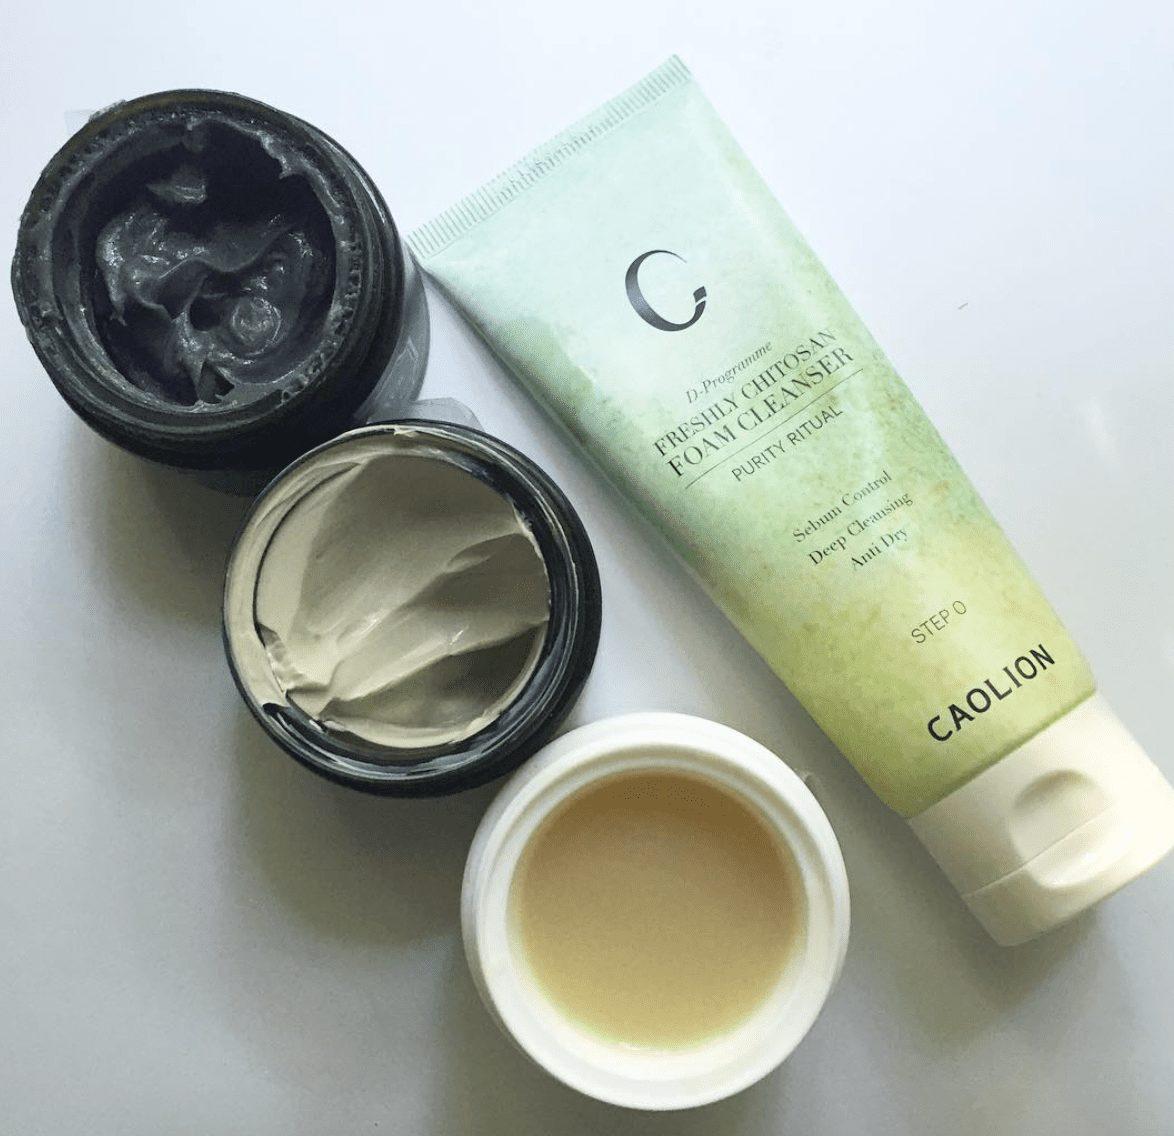 Caolion Perfect Pores Kit Review
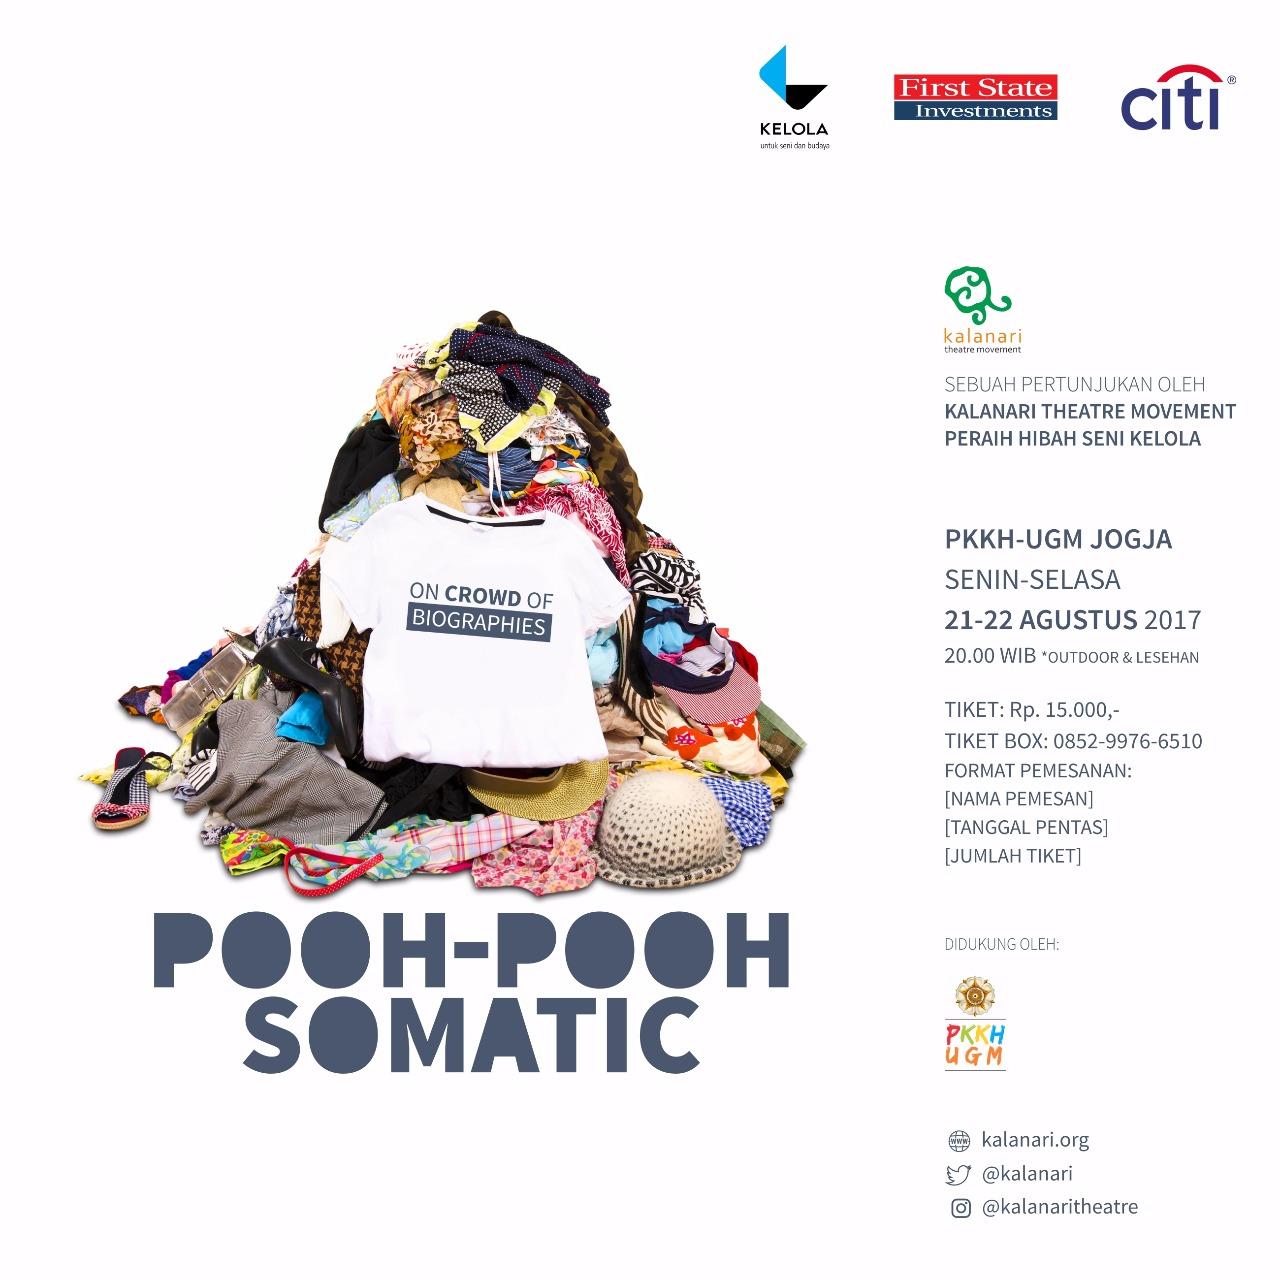 WhatsApp Image 2017 08 10 at 06.37.11 | Teater | Pooh-pooh Somatic : On Crowd of Biographies | Kalanari Teater
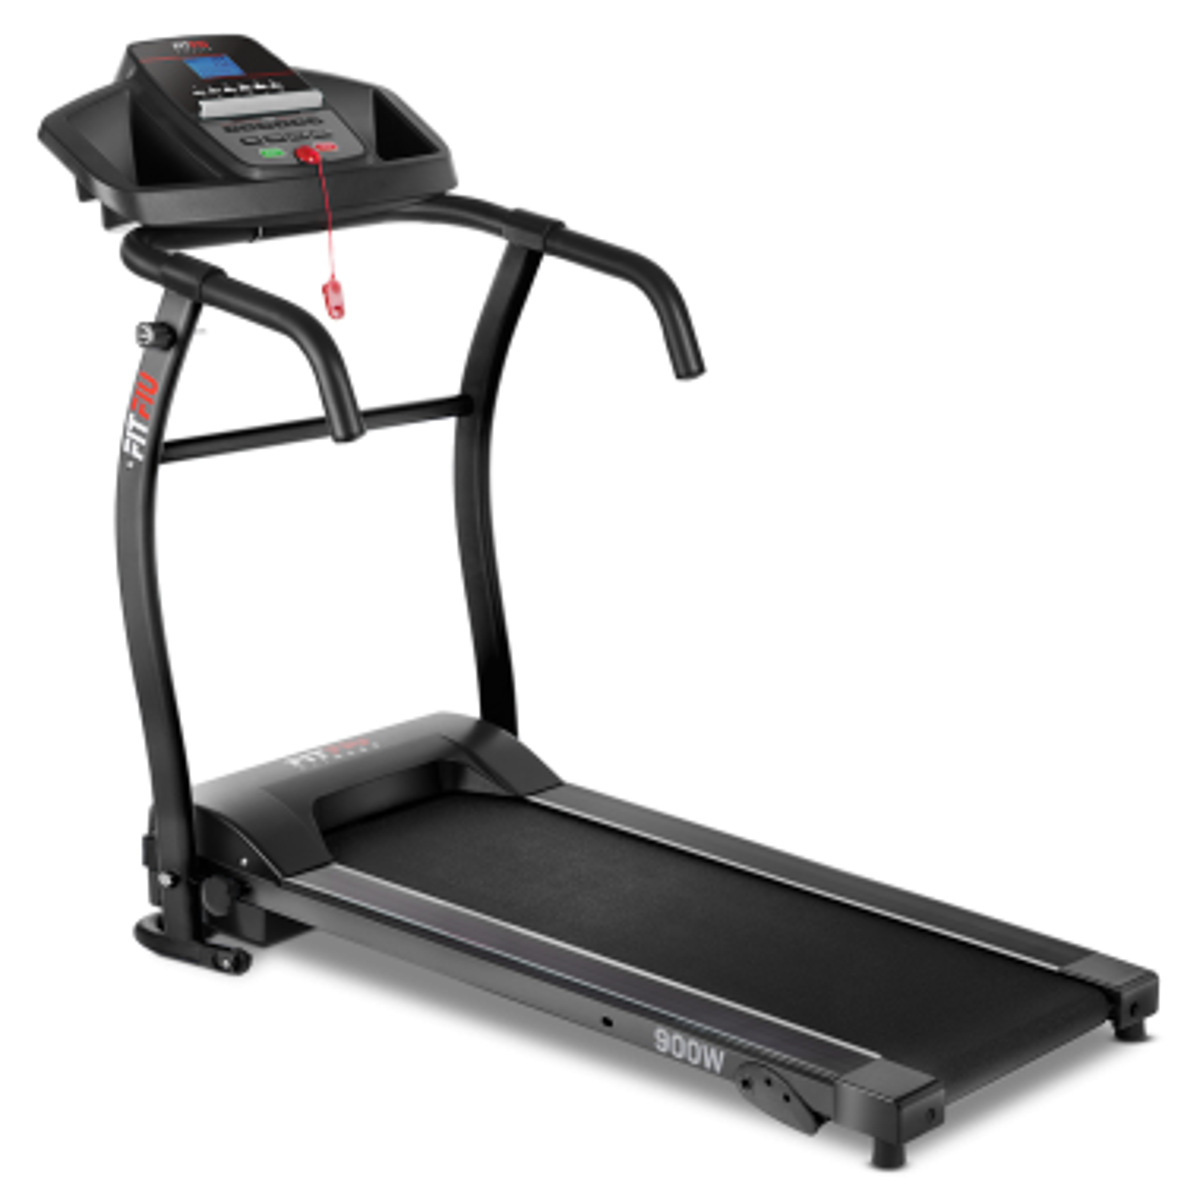 Cinta de correr plegable MC-90 como producto recomendado
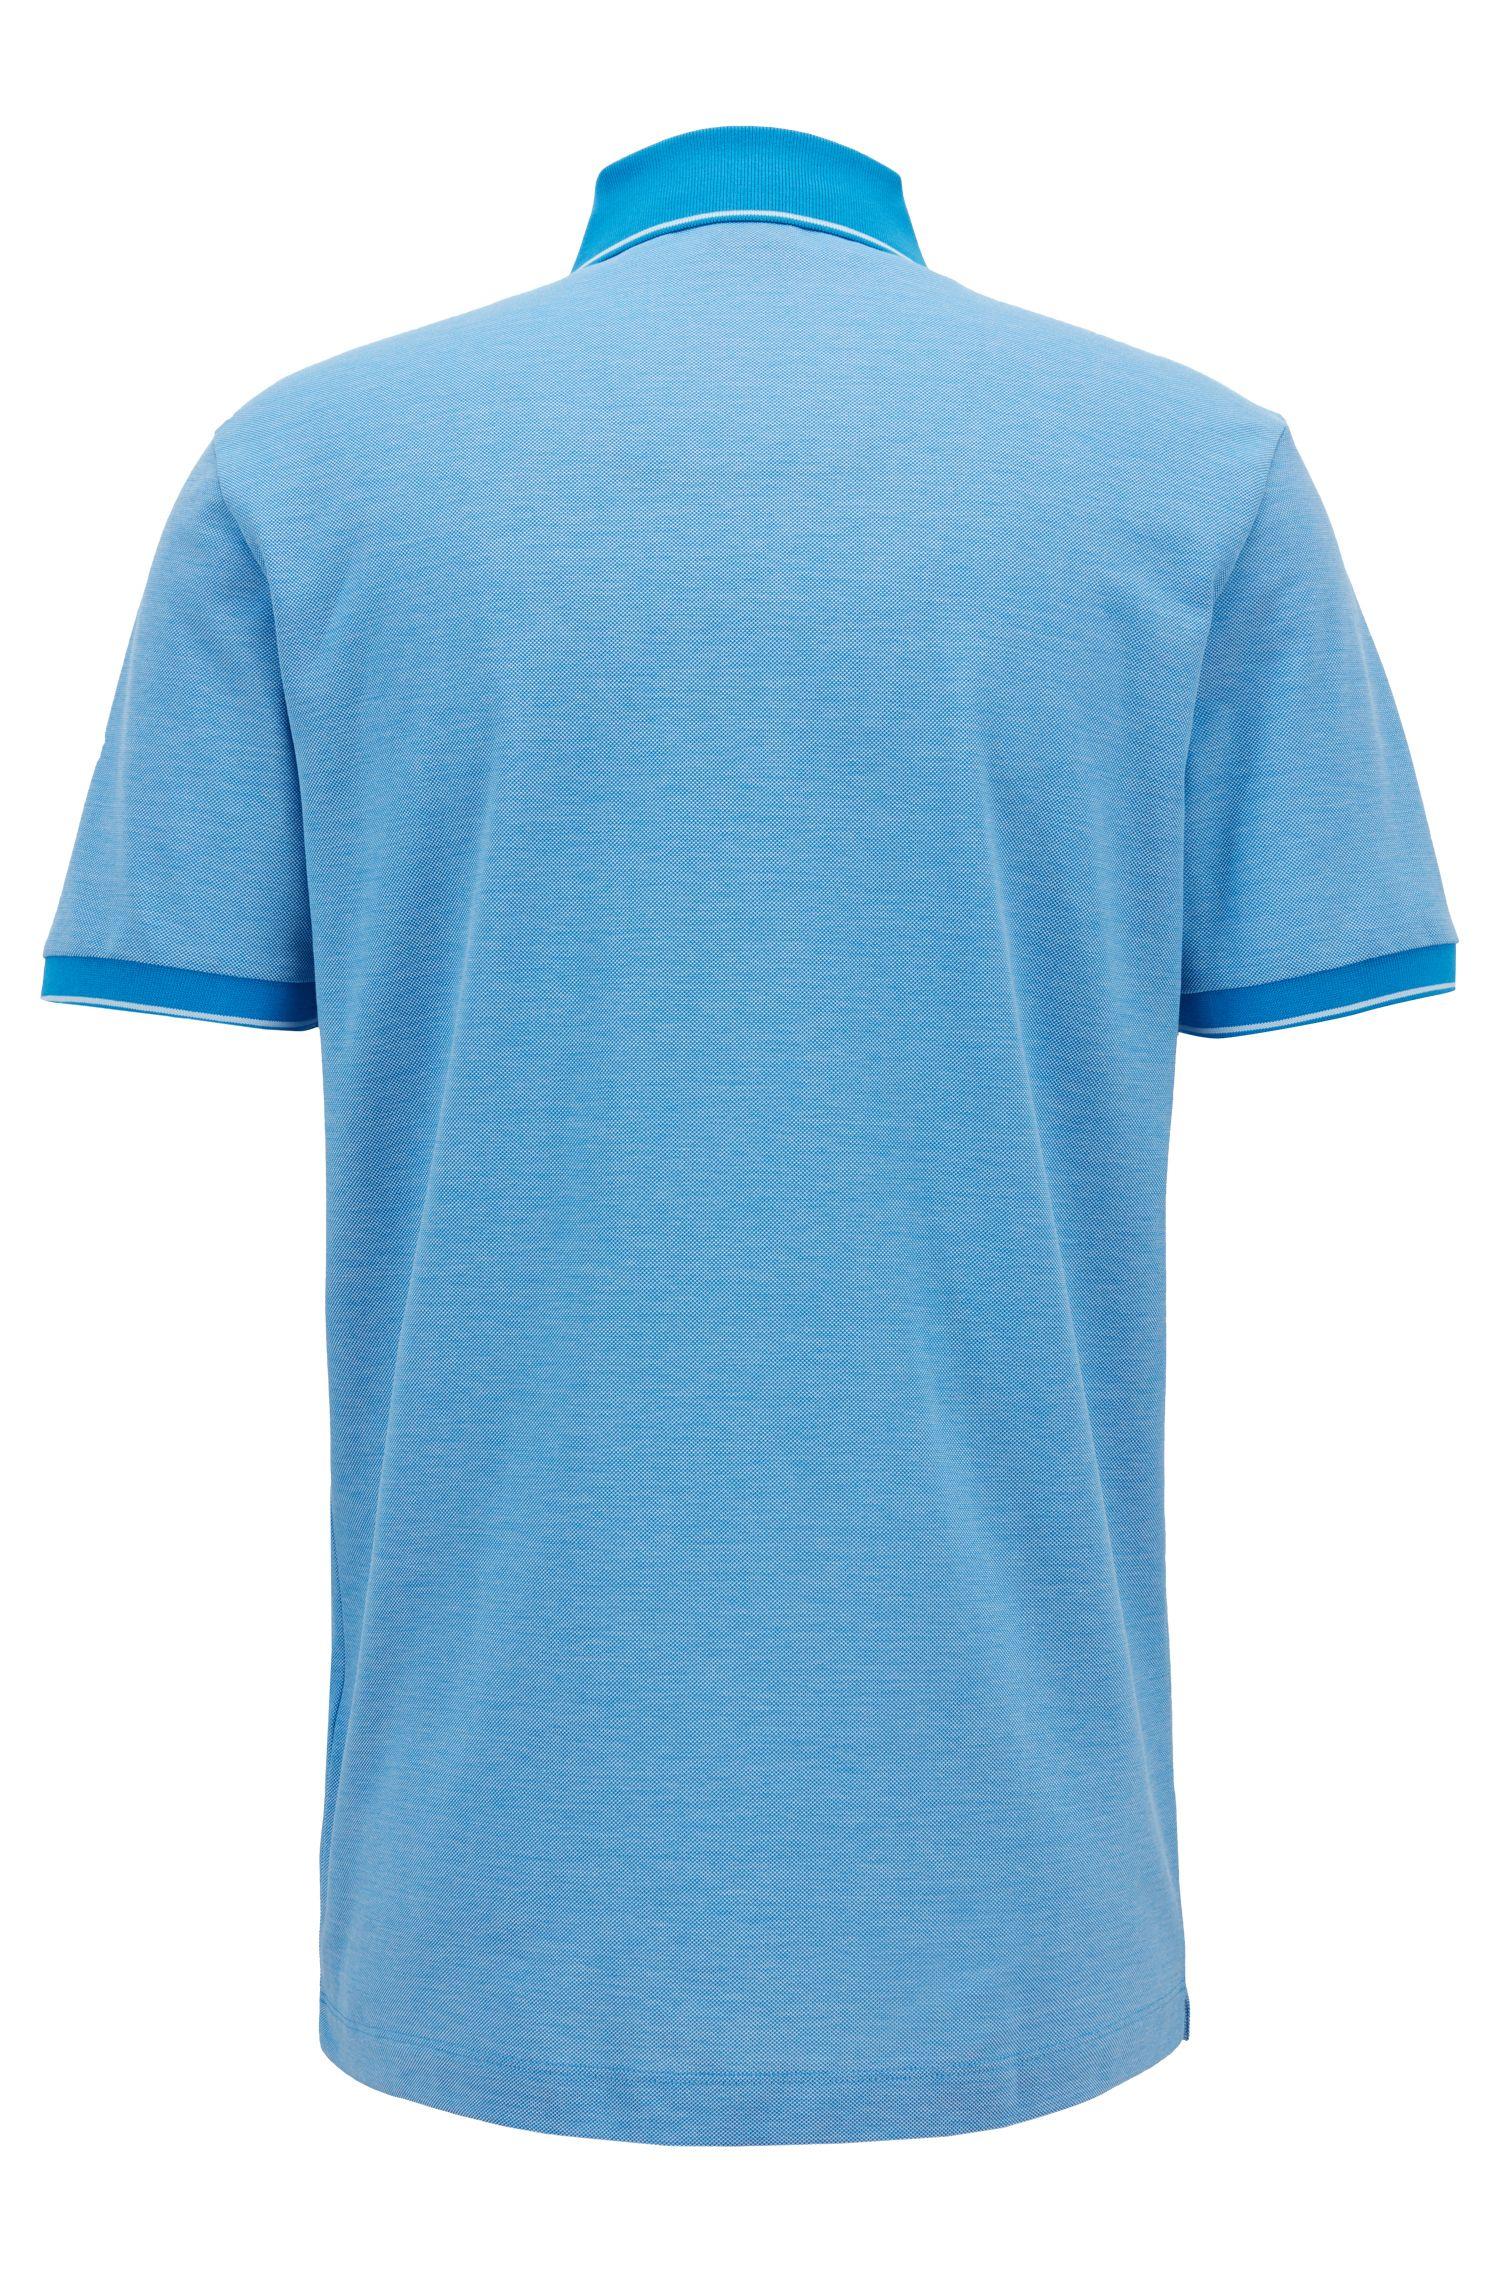 Regular-fit mercerised cotton piqué polo shirt

## Exercise goal
In the copy, include no pictures; everything else in the material should be written out exactly.

## Solution for this task
 Caolion Perfect Pores Kit Review
 WhatsApp Image 2017 08 10 at 06.37.11 | Teater | Pooh-pooh Somatic : On Crowd of Biographies | Kalanari Teater
 Cinta de correr plegable MC-90 como producto recomendado
 Regular-fit mercerised cotton piqué polo shirt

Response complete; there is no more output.